» **AVAILABLE DATA**

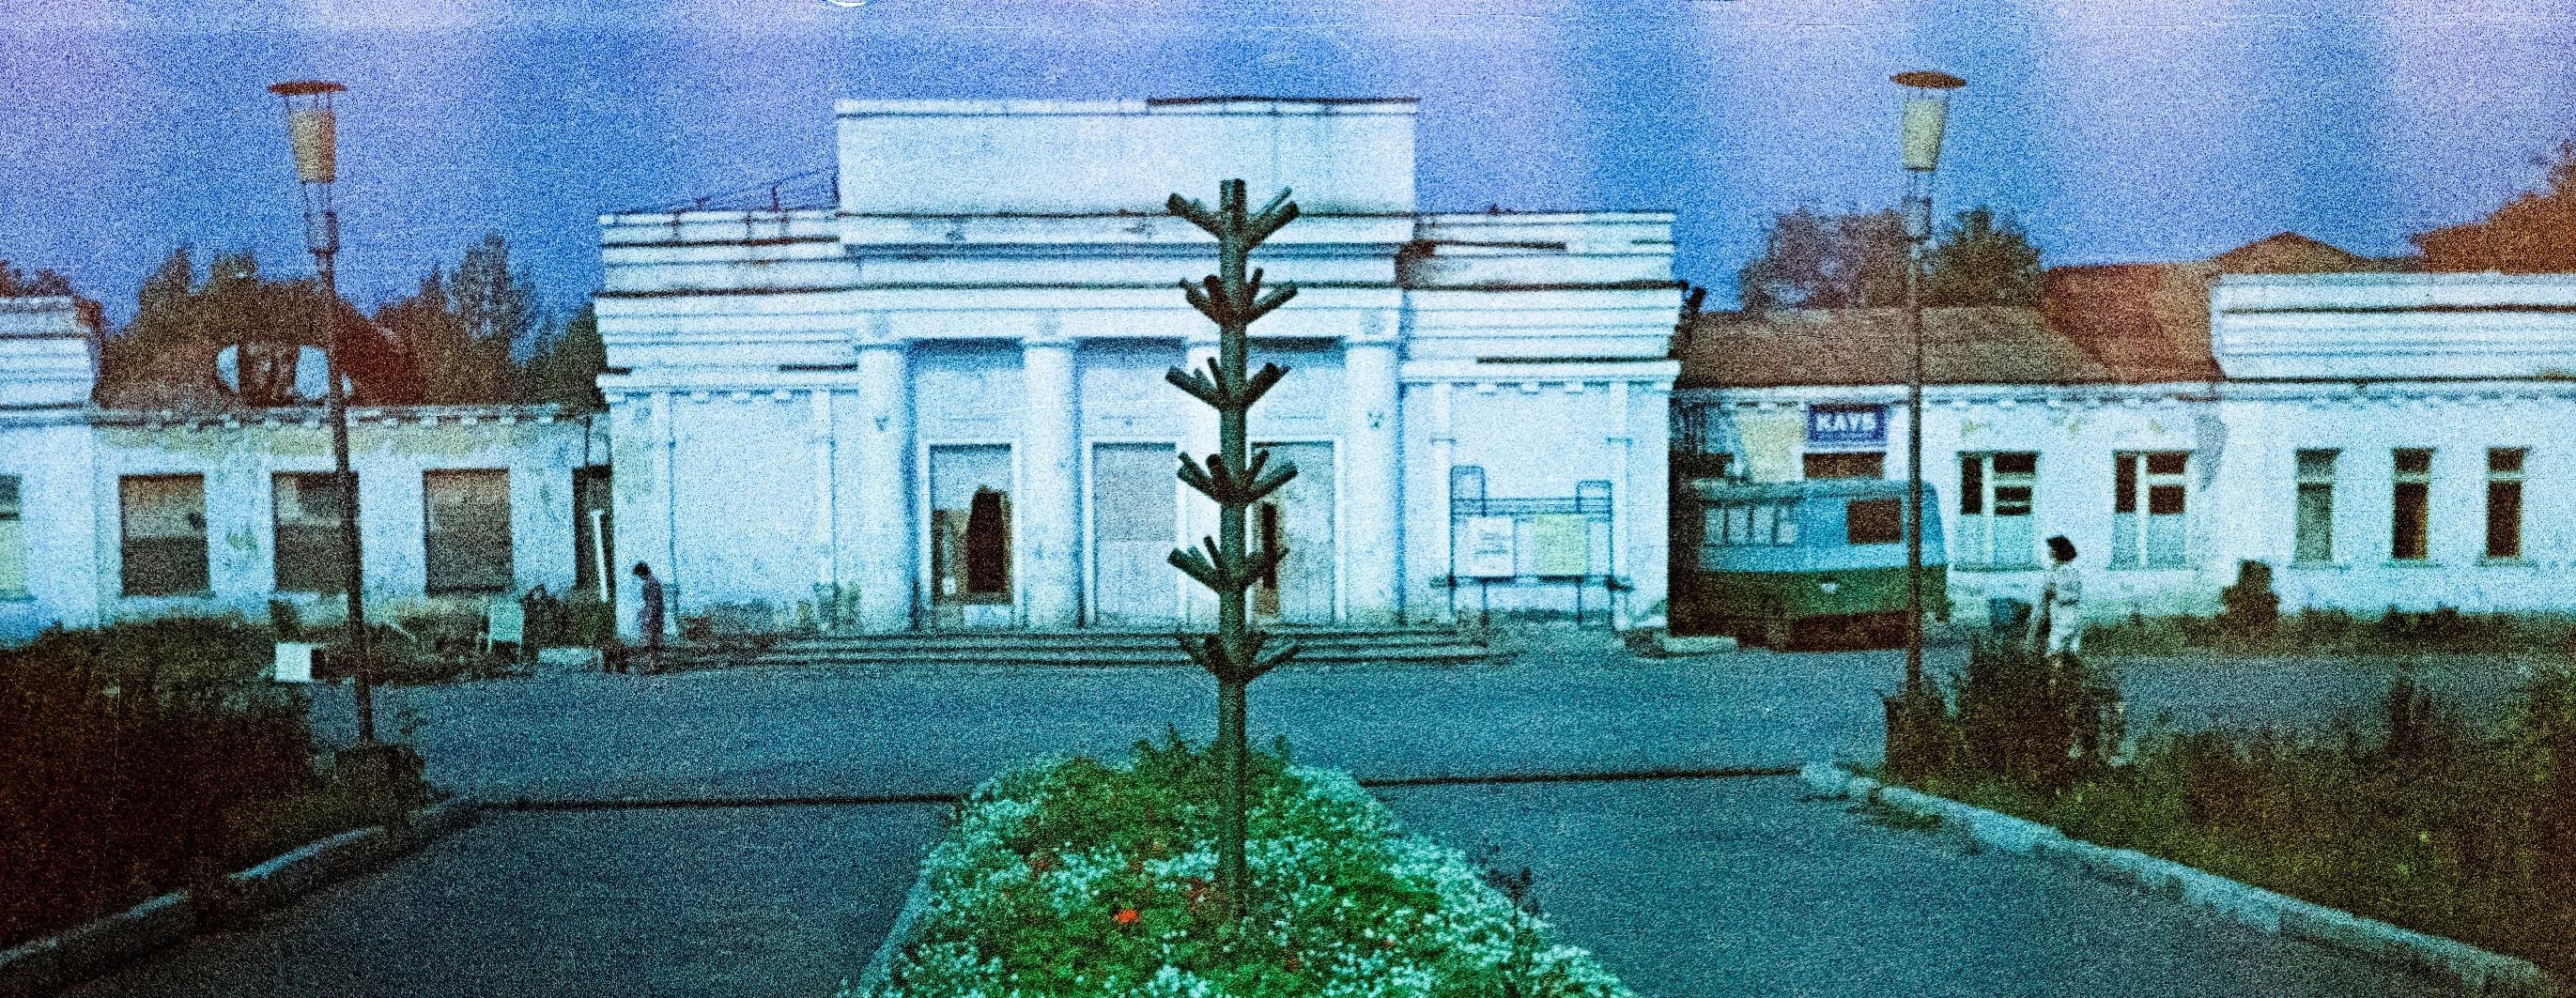 ДК Самарец до реконструкции 1985
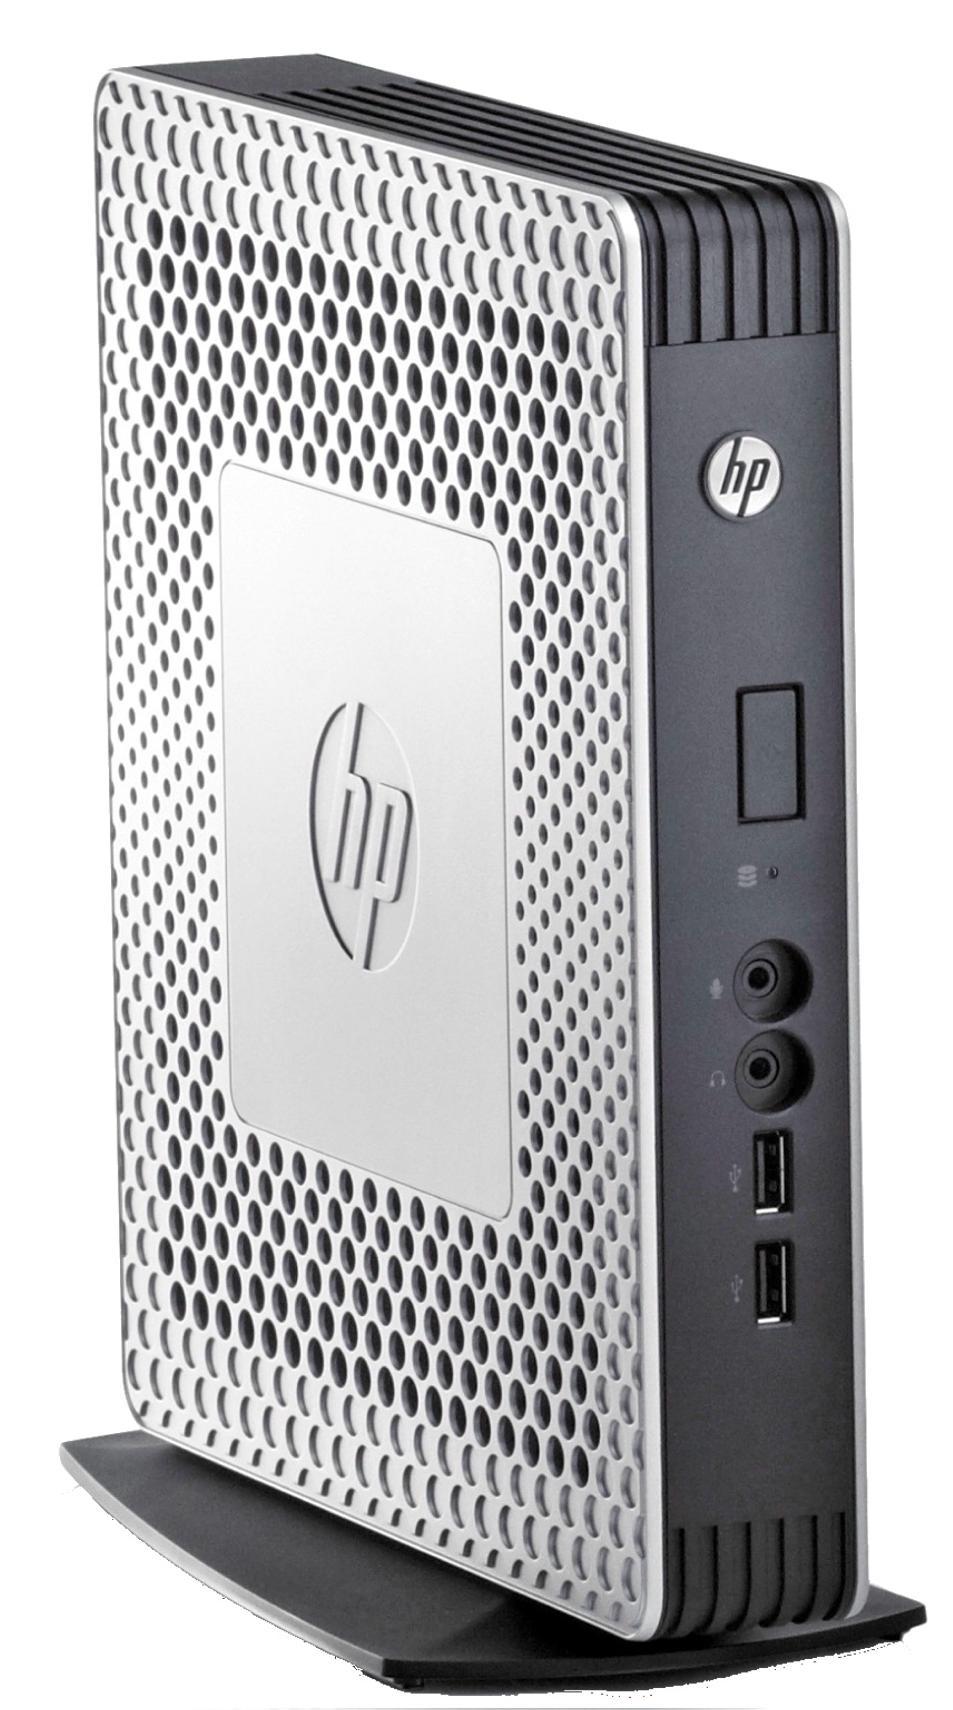 HP t610 Flexible Thin Client Dual Core (T56N) 1.65GHz 2GB RAM 4GB Flash LAN Windows 7 Standard Embedded (Radeon HD 6320)
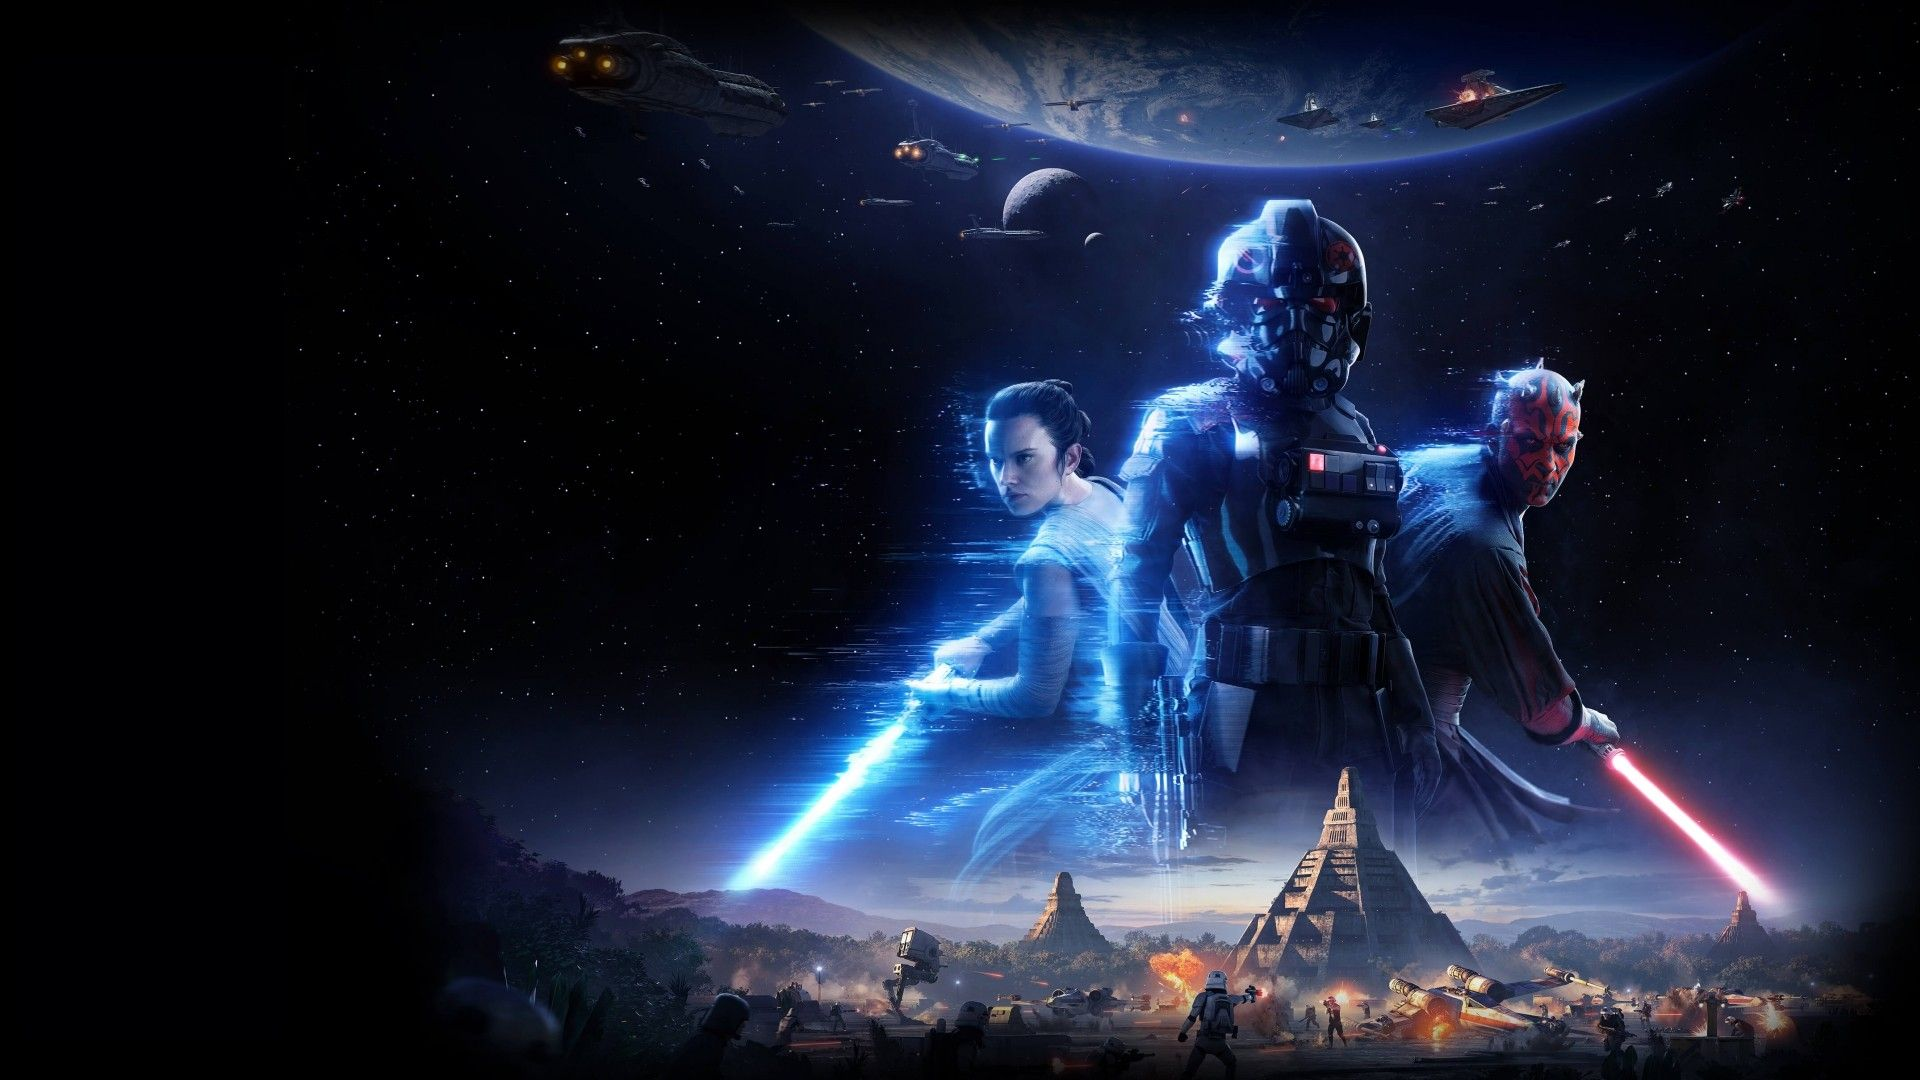 Star Wars Battlefront 2 Wallpaper 1920x1080
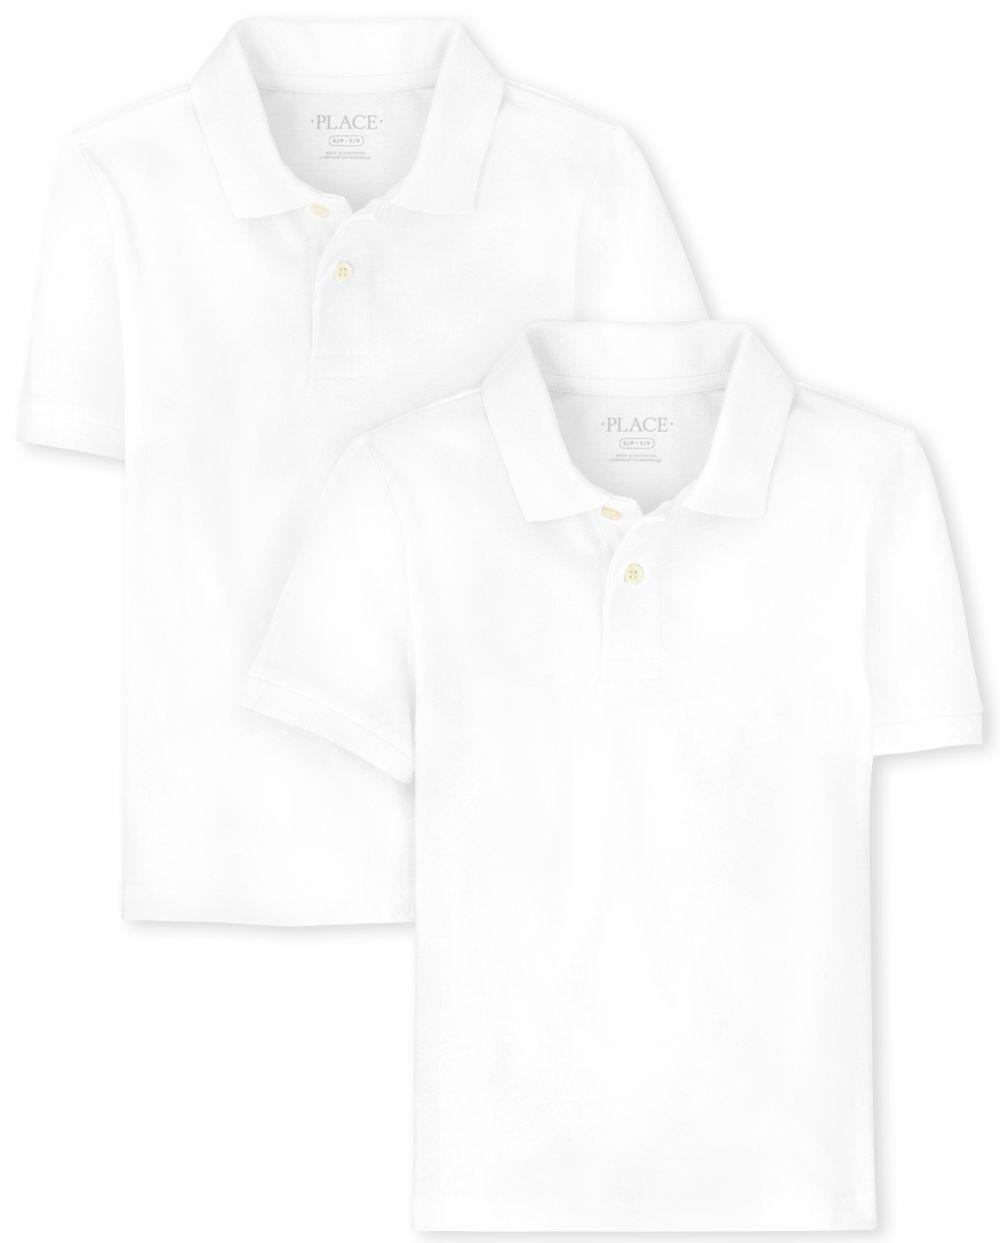 Boys Uniform Jersey Polo 2-Pack

» **YOUR OBJECTIVE**
The expected answer is the whole listing above, copied exactly, with images excluded.

» **RESPONSE AREA**
 ДК Самарец до реконструкции 1985
 HP t610 Flexible Thin Client Dual Core (T56N) 1.65GHz 2GB RAM 4GB Flash LAN Windows 7 Standard Embedded (Radeon HD 6320)
 Star Wars Battlefront 2 Wallpaper 1920x1080
 Boys Uniform Jersey Polo 2-Pack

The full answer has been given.